Additional fields (Phase 2)

This Actor also records your Apify user ID, whether Apify marks the account as paying, the size range of list inputs, the selected country when the input offers a fixed list of countries, and one category from a fixed Actor taxonomy. We use these fields only for aggregate reliability, repeat-use and cross-Actor analysis; reports suppress any cell with fewer than five distinct users.
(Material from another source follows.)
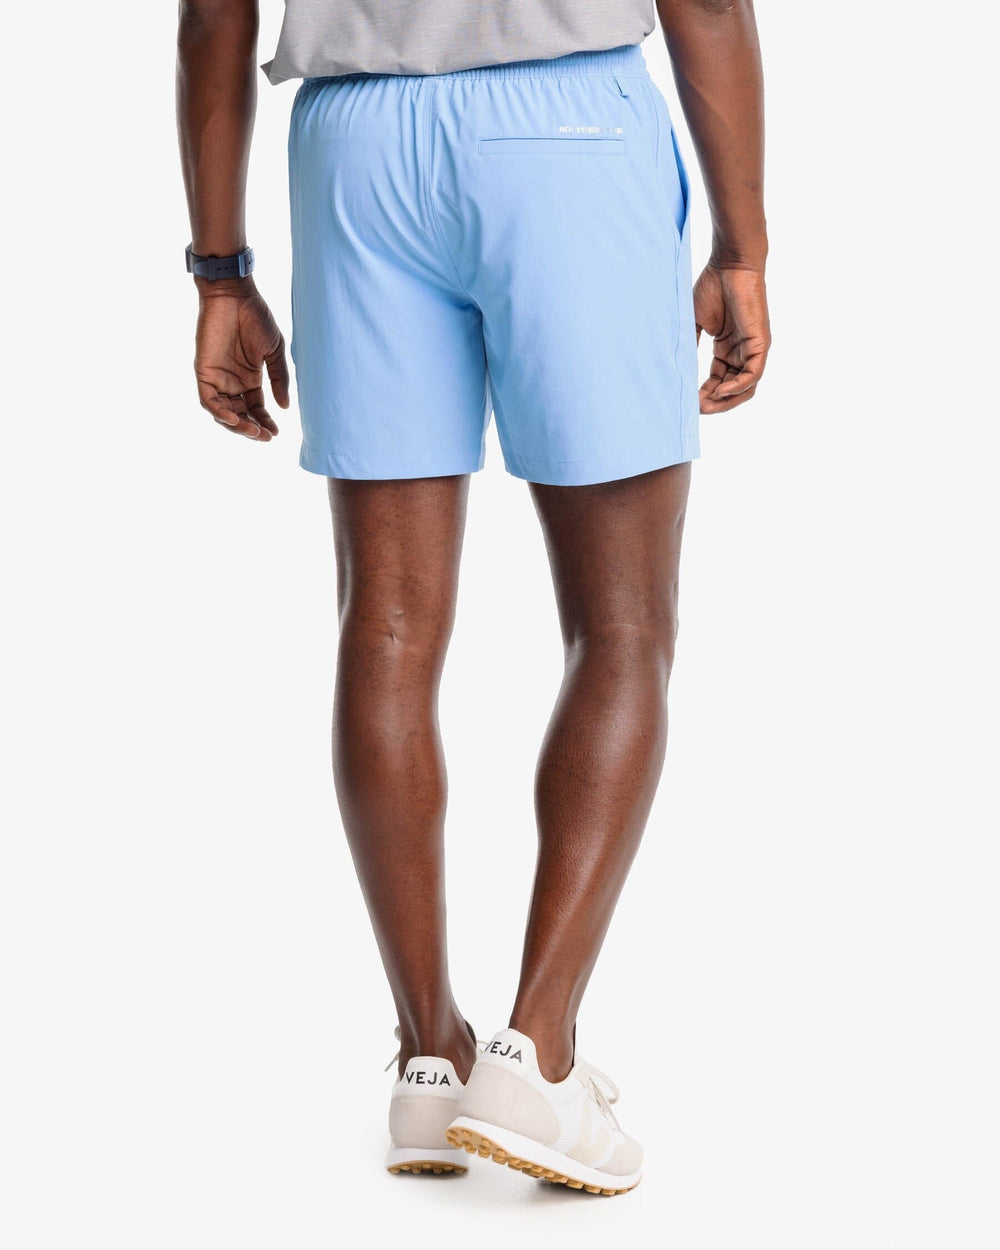 The model back view of the Men's Rip Channel 6 Inch Performance Short by Southern Tide - Boat Blue

The same disableUsageStats: true input flag turns these fields off too. The user ID is removed after 13 months; we do not export, sell, share, or attempt to re-identify this data.

Run-outcome signals (v2)

To learn whether a run did what it was asked to do, the record also holds a few more coarse ranges and yes/no flags. None of them contains content:

  • the result limit you asked for (a range, when the input has one) and what share of it was delivered;
  • results delivered per input item you listed (a range);
  • output quality as ranges: how fully the result fields were filled, the share of rows that look like errors, the share of duplicate rows, and how many different fields appeared. These are counted in memory while results are saved; no result content is kept;
  • how the run was started (console, API, schedule, webhook, another Actor);
  • how it ended: stopped by you, timed out, reached the requested limit, stopped by the charge limit, and how many times the platform moved the run;
  • if this Actor reports it: how many items to process worked or failed (ranges) and one failure reason from a fixed list;
  • a short code made from the names of the input fields you set, never their values.

Repeat-run fingerprint (v2)

When your Apify user ID is recorded (see above), the record also holds an 8-character one-way code made from your input (proxy settings left out) and this Actor's name. It only lets us see that the same account ran the same input again soon after an unsatisfying run; we never see the input itself. It is stored only in the database, never published, and reports use it in aggregate with the same five-user minimum. It is the one exception to the statement above that no hashes are collected, and disableUsageStats: true turns it off.